* **Directions**: Repeat word for word the lines from the one containing "How to Add Body Classes in WordPress" to the end of the material below, and leave all pictures out.

* **The data**:

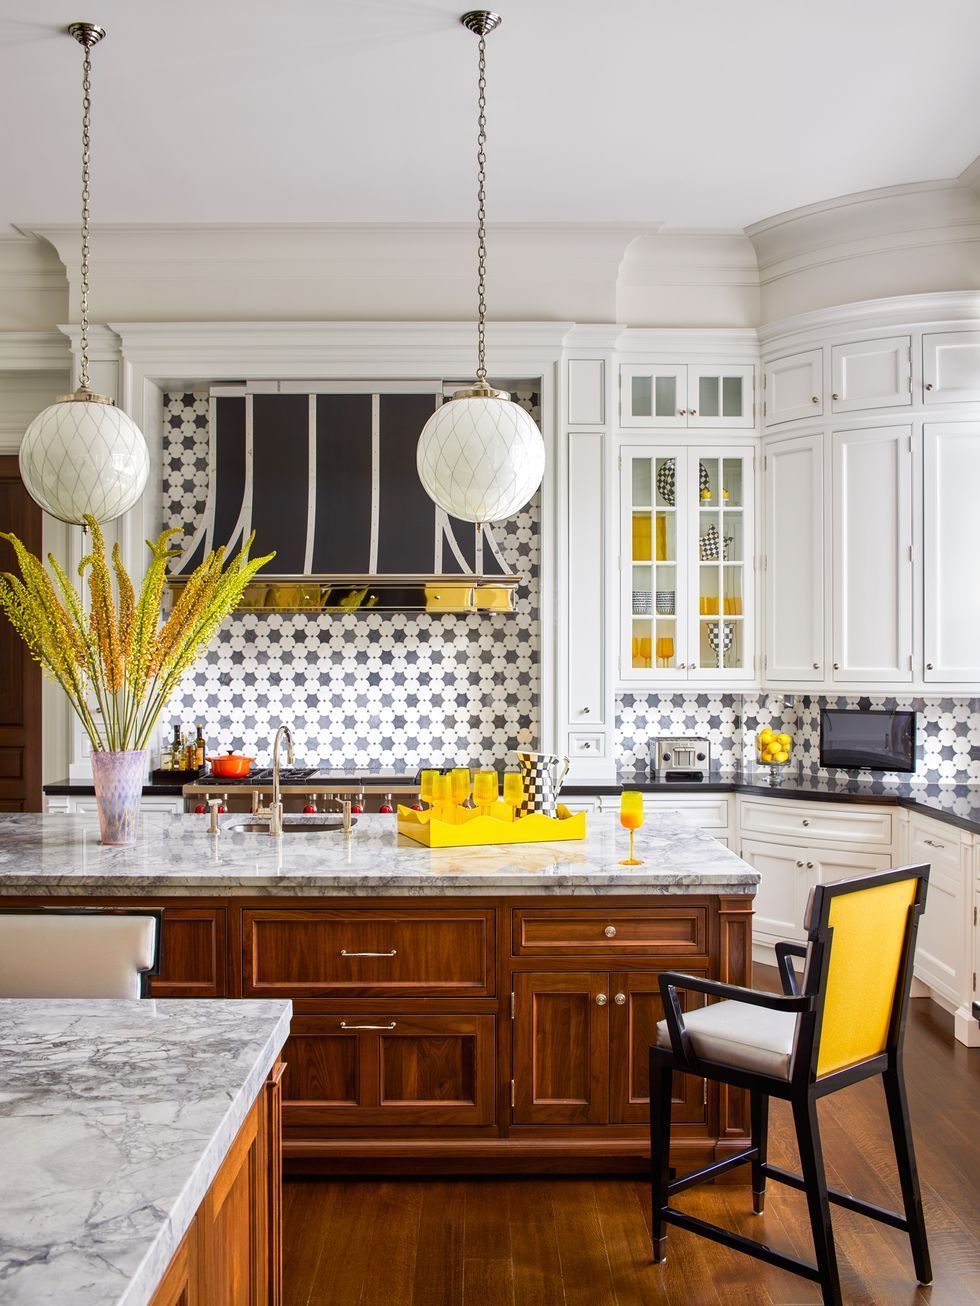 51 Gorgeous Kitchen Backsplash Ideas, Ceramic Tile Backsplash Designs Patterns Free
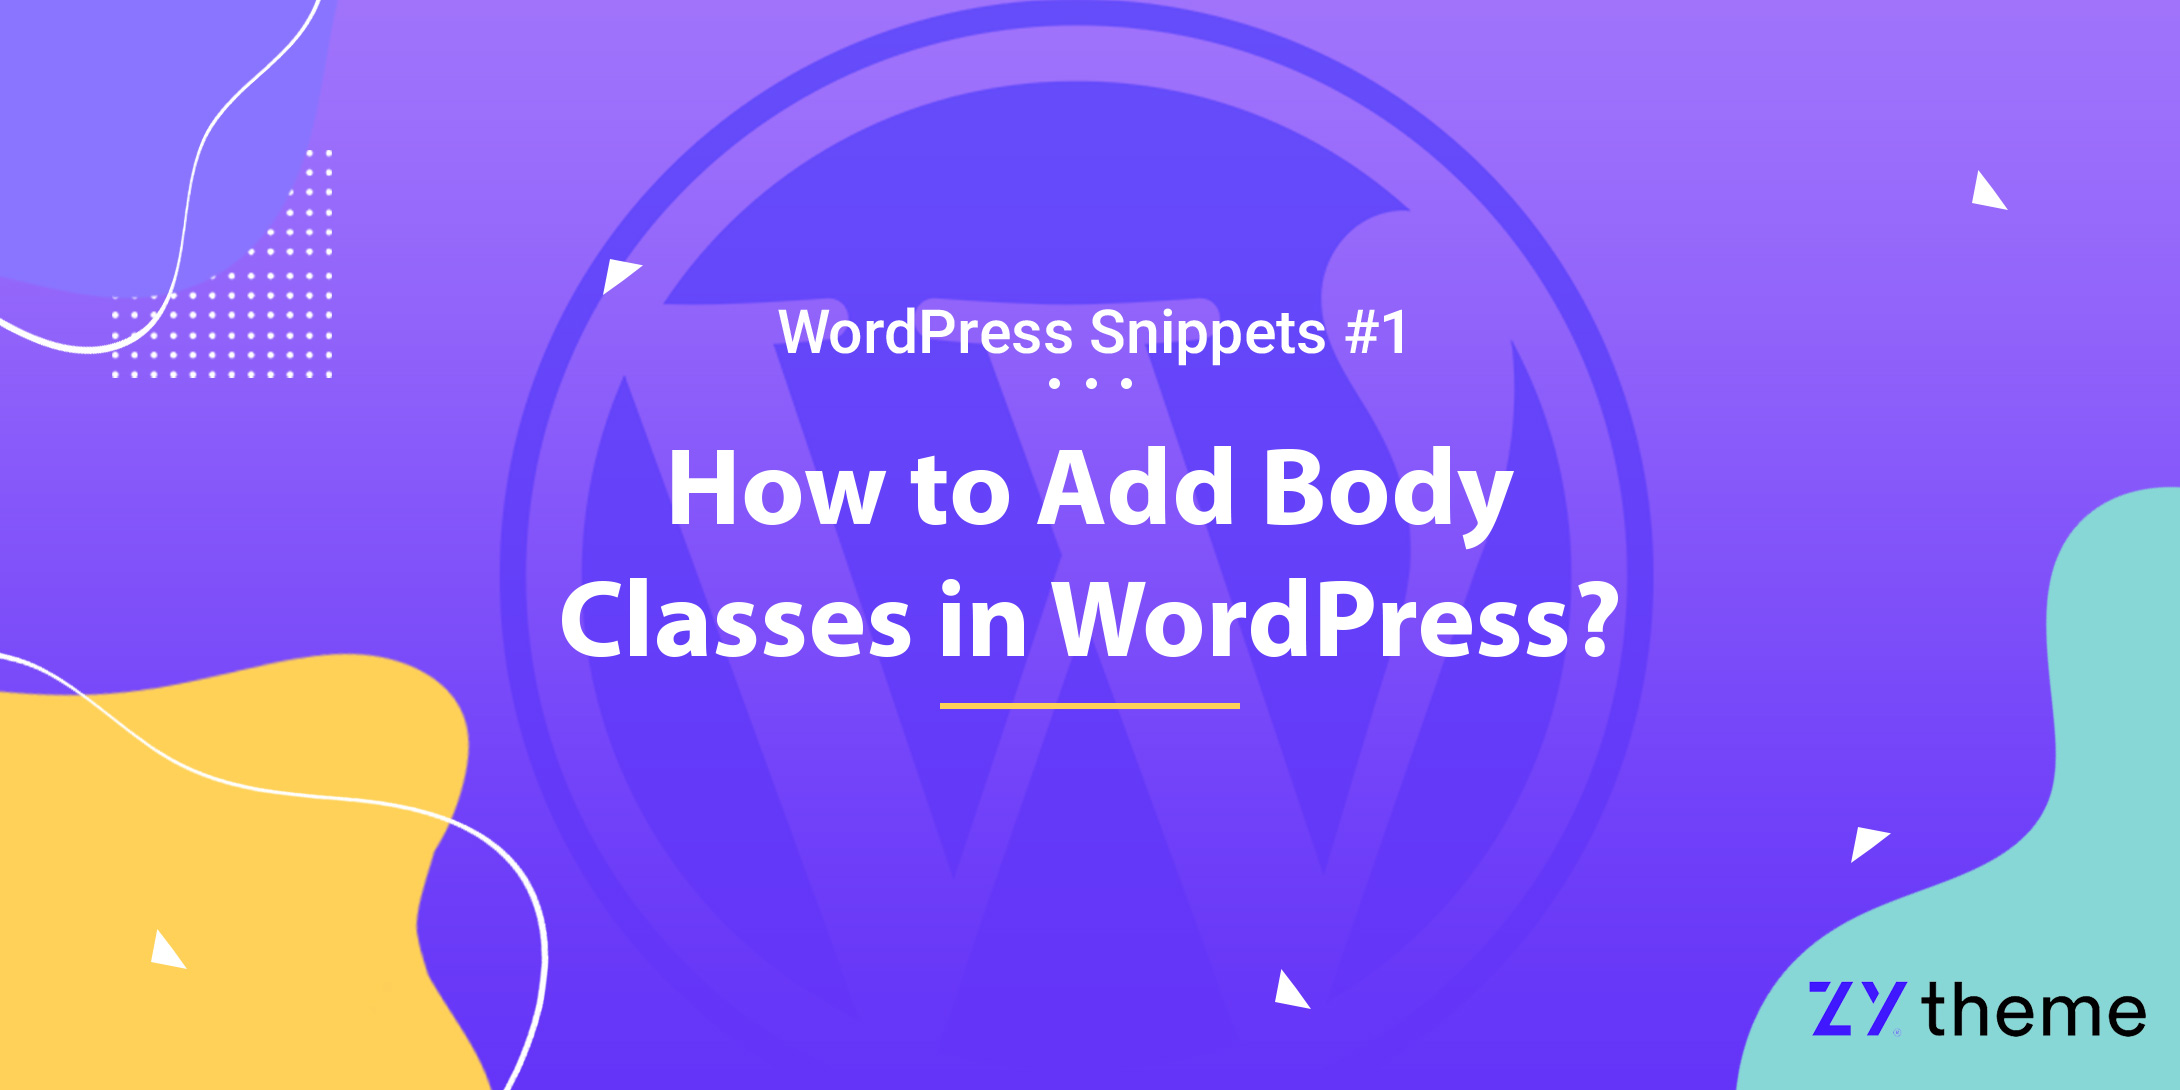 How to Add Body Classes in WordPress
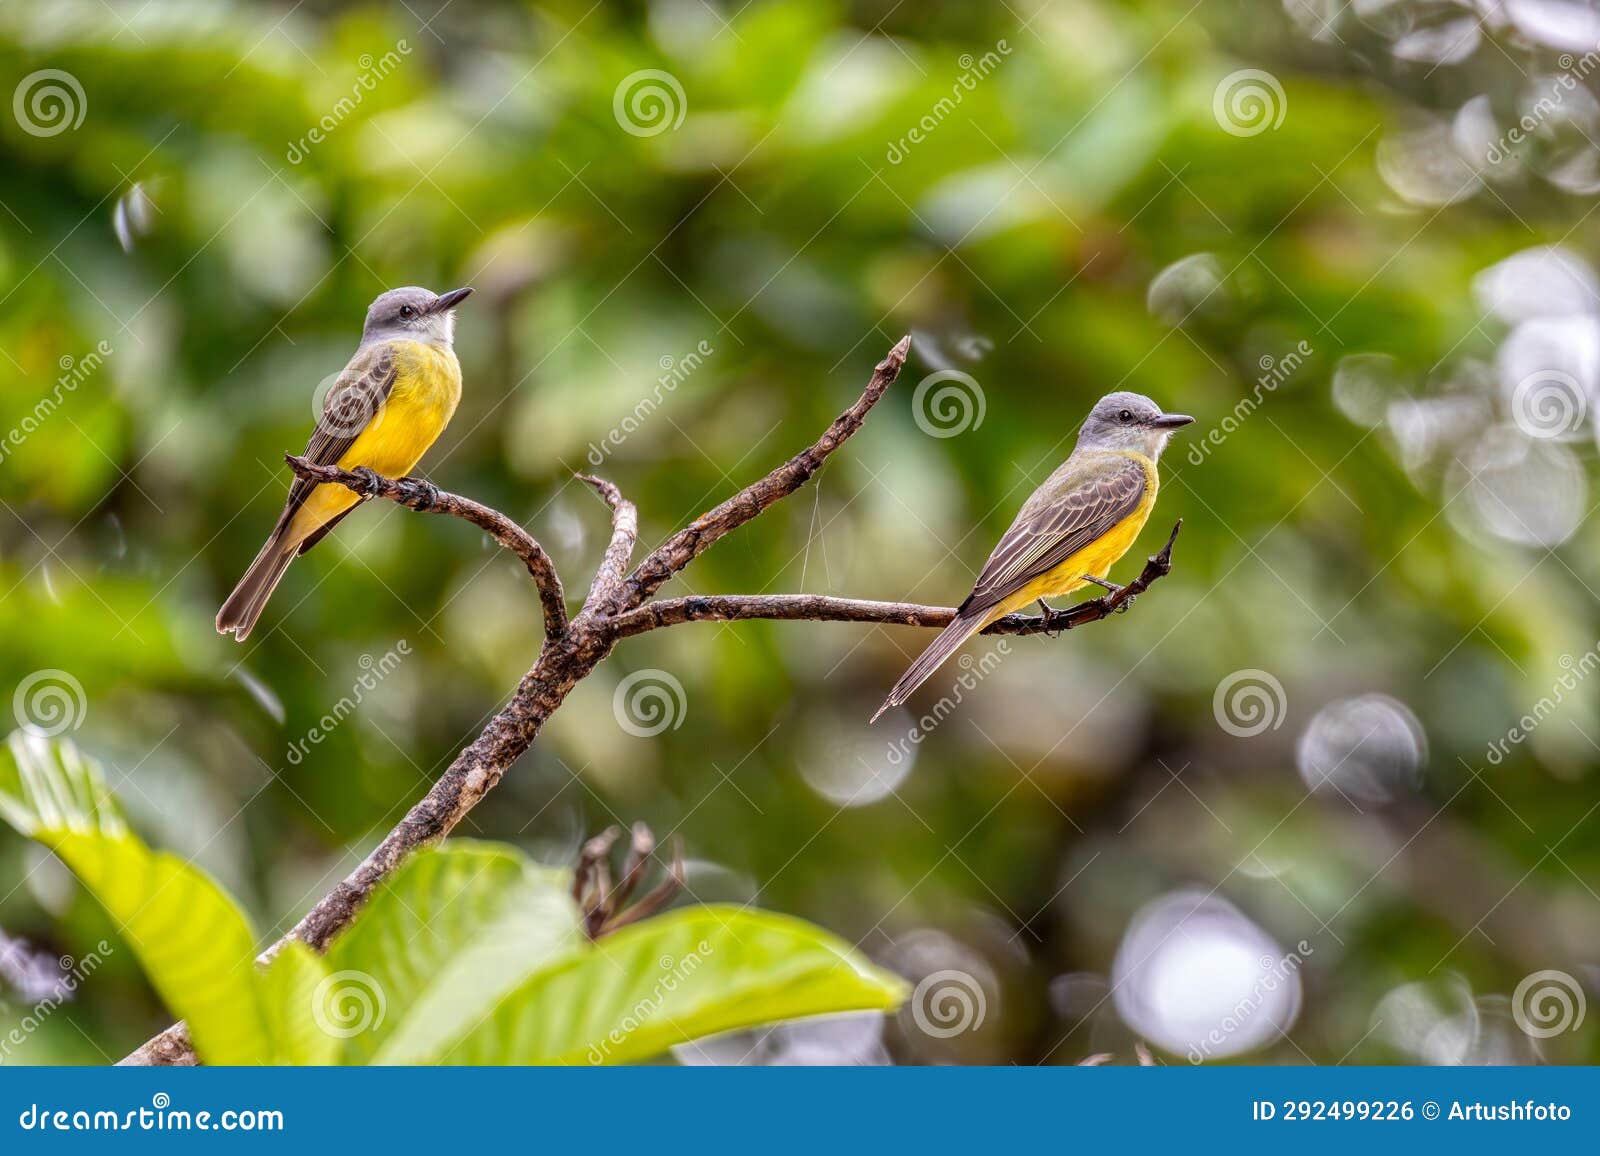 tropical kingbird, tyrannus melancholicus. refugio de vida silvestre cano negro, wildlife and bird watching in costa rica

* **Task output**:
 How to Add Body Classes in WordPress
 tropical kingbird, tyrannus melancholicus. refugio de vida silvestre cano negro, wildlife and bird watching in costa rica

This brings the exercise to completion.